Obama: Supreme Court Shouldn’t Overturn Passed Legislation

At what point do you just stop taking anything any Washington politician says seriously? In a place where incoherent and meaningless rhetoric abounds, it becomes hard to avoid.

One of the latest examples being this recent blurb from President Obama on why the Supreme Court overturning the Affordable Care Act would be hard to imagine:

Ultimately I am confident that the Supreme  Court will not take what would be an unprecedented, extraordinary step of overturning a law that was passed by a strong majority of a  democratically elected Congress.

And I just remind conservative commentators  that for years what we have heard is that the biggest problem on the bench was  judicial activism or a lack of judicial restraint; that an unelected group of  people would somehow overturn a duly constituted and passed law. Well,  this is a good example. And I’m pretty confident that this court will  recognize that and not take that step.

And with that he quite possibly places a lot doubt on his supposed expertise as a former constitutional law professor. What could he possibly even mean by these statements? It may be helpful to pick them apart.
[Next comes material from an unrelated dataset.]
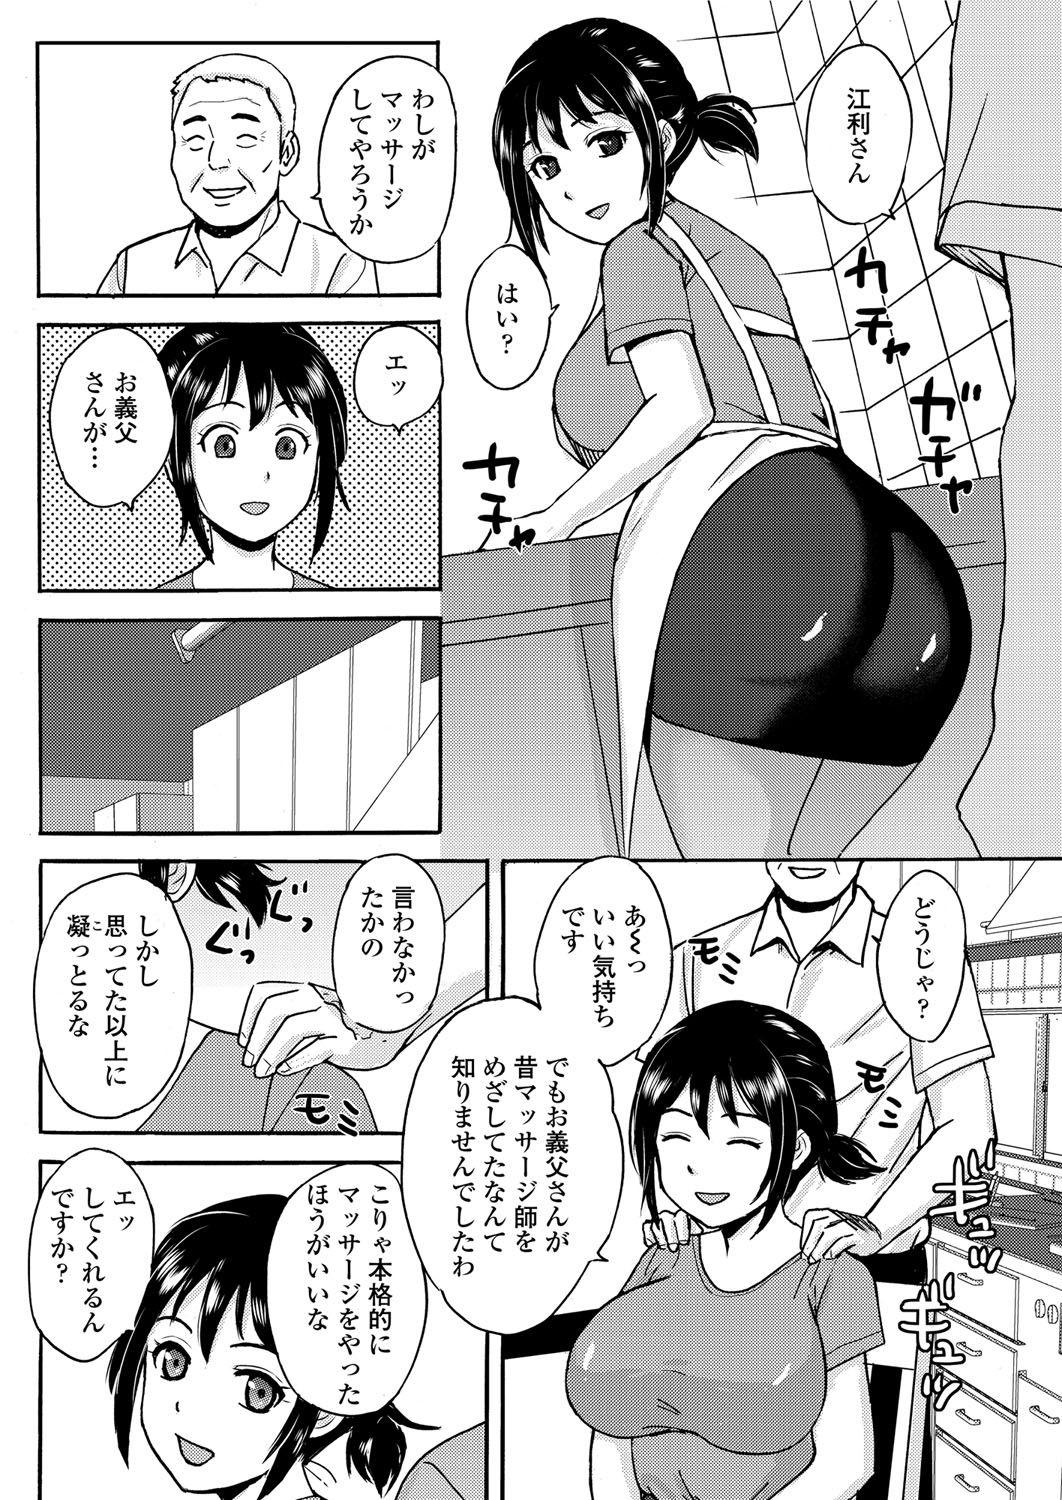 Pendeja Gifu no Massage Female Domination - Page 2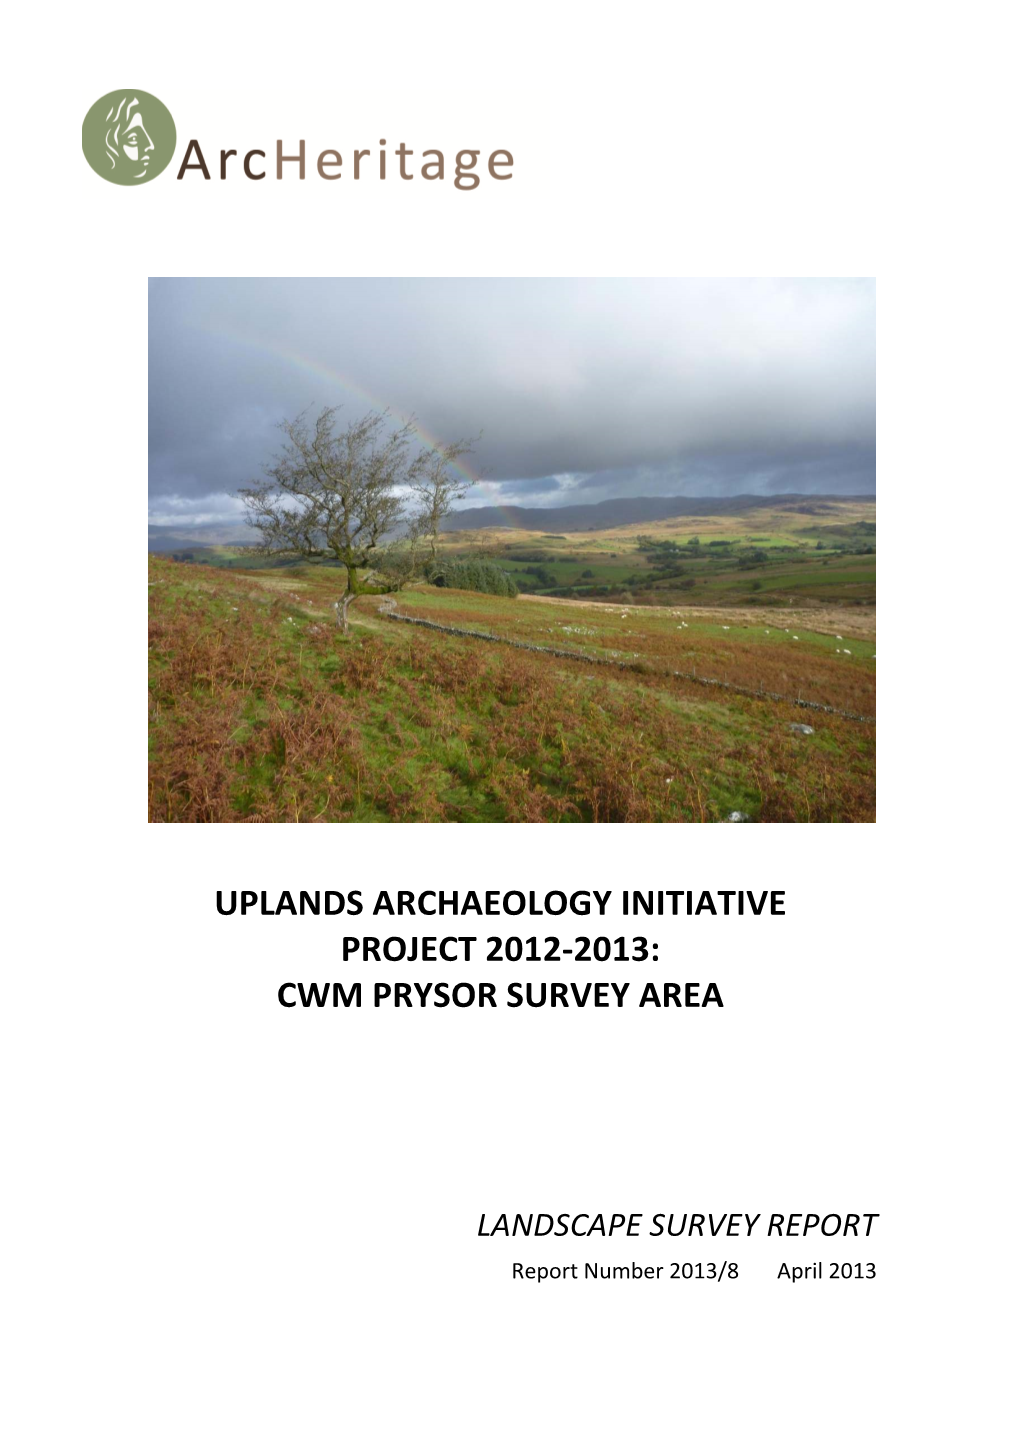 Uplands Archaeology Initiative Project 2012-2013: Cwm Prysor Survey Area

In terms of the first statement, history is full of examples of the Supreme Court overturning laws that passed by a majority vote (for clarification, all laws by their very nature have to pass with a majority vote to become a law). Ever since Marbury v. Madison, that has been one of the prime responsibilities of the judicial branch: To review the constitutionality of “passed” laws.

Then with respect to the second statement, “conservative commentators” (notice he doesn’t actually reference any actual conservative commentators) haven’t been arguing against the courts applying the Constitution when reviewing cases, only against judges making up things that can’t be found in the text of the Constitution to overturn or uphold laws. And what exactly is the distinguishing factor between a “duly constituted” and “passed” law exactly? His signature?

This type of incoherent and meaningless rhetoric is good if you want to persuade those who have no understanding of the subject you’re speaking of – which, unfortunately, is much of today’s electorate. Excuse me, a “stong majority” of the “duly constituted” electorate.